Saturday, September 13, 2008

Homesick

Sometimes here in Texas I feel restless. I get so excited when we take a trip back up to Blue Springs (my hometown) or even to Tulsa (where Philip and I met and went to college). I walk around the familiar streets of my formative years and wonder if I'll run into someone I know. I feel this vaguely hollow sensation, hoping I'll run into someone to reconnect with. I fantasize about moving back home to Missouri.

But the truth is, the desire I feel is not really a desire to return to my childhood home, it is a desire for my future home. The one I was made for, Heaven. I feel unsettled and nomadic here because I am supposed to. God wired me to feel discontent here because He wants me to be mindful of my true citizenship. He wants me to feel a little uncomfortable and out of place here to remind me that I will only fit in at His place.

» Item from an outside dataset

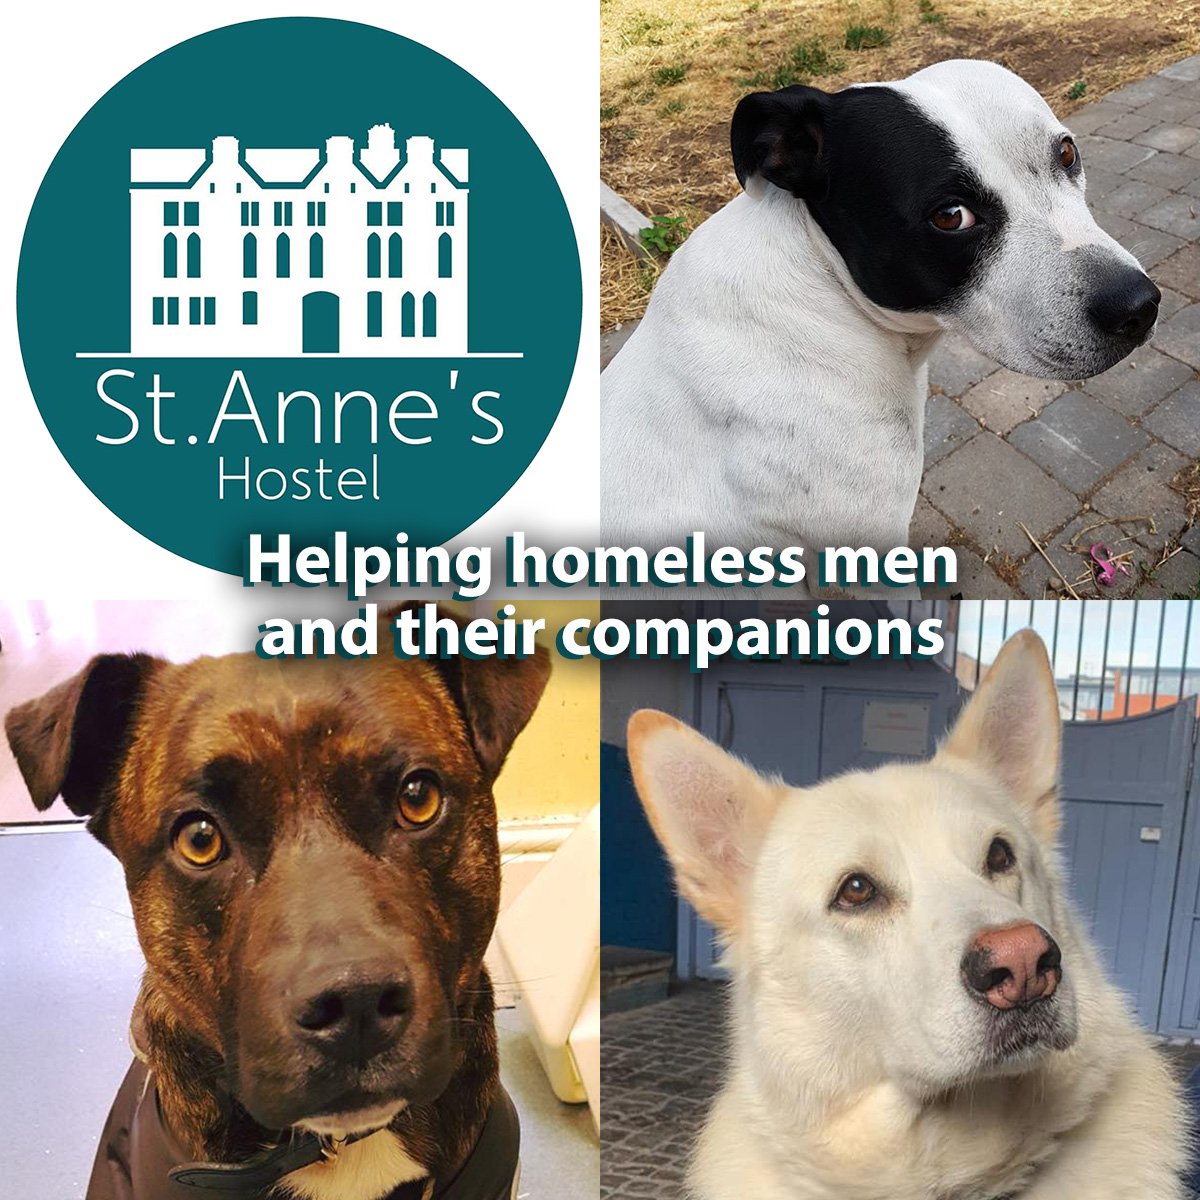 We love our furry residents at St Anne's and try our absolute best to help them and their owners find a way to get back on their feet. We can't do that without the support we receive from donations. Find out how you can help here: stannesbirmingham.org.uk/donations/
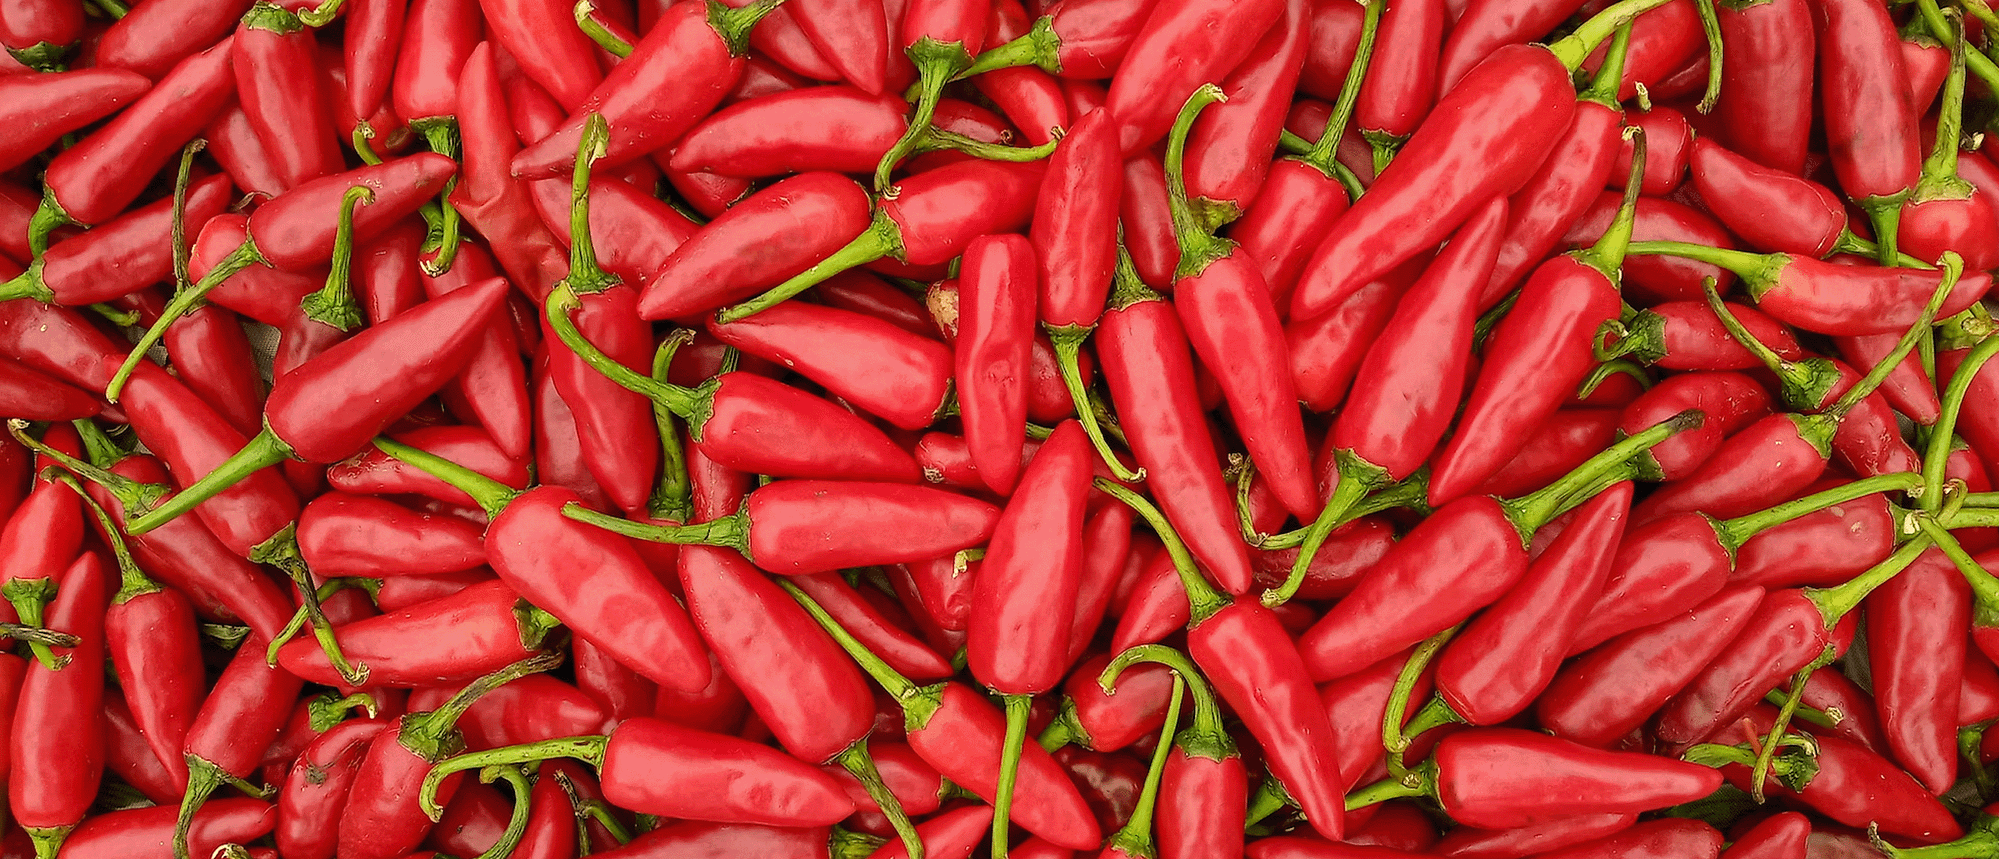 Lots of red chilli peppers piled on top of each other.

Lately, eternity has been weighing heavily on my heart. I've been watching my children and realizing my time with them is so short. While some days it can seem like at eternity until nap time, in reality I have precious few years to mold and prepare them. Before I realize it they will be taking flight and I must be diligent to prepare them well.

In the same vein, my time here is so short. And while I will have all of eternity to reap the rewards of faithfulness on Earth, I must be diligent to use my time wisely.

Someday I will be home for good. In the place where all my discontent is soothed and my restless heart is still. I pray that God would help me to stay focused on that day and work hard preparing for it.

1 comments:

Manda said...

Well put. I enjoy your ability to say in three sentences what I would spread out over three pages. :) Thanks for the thought-provoking post!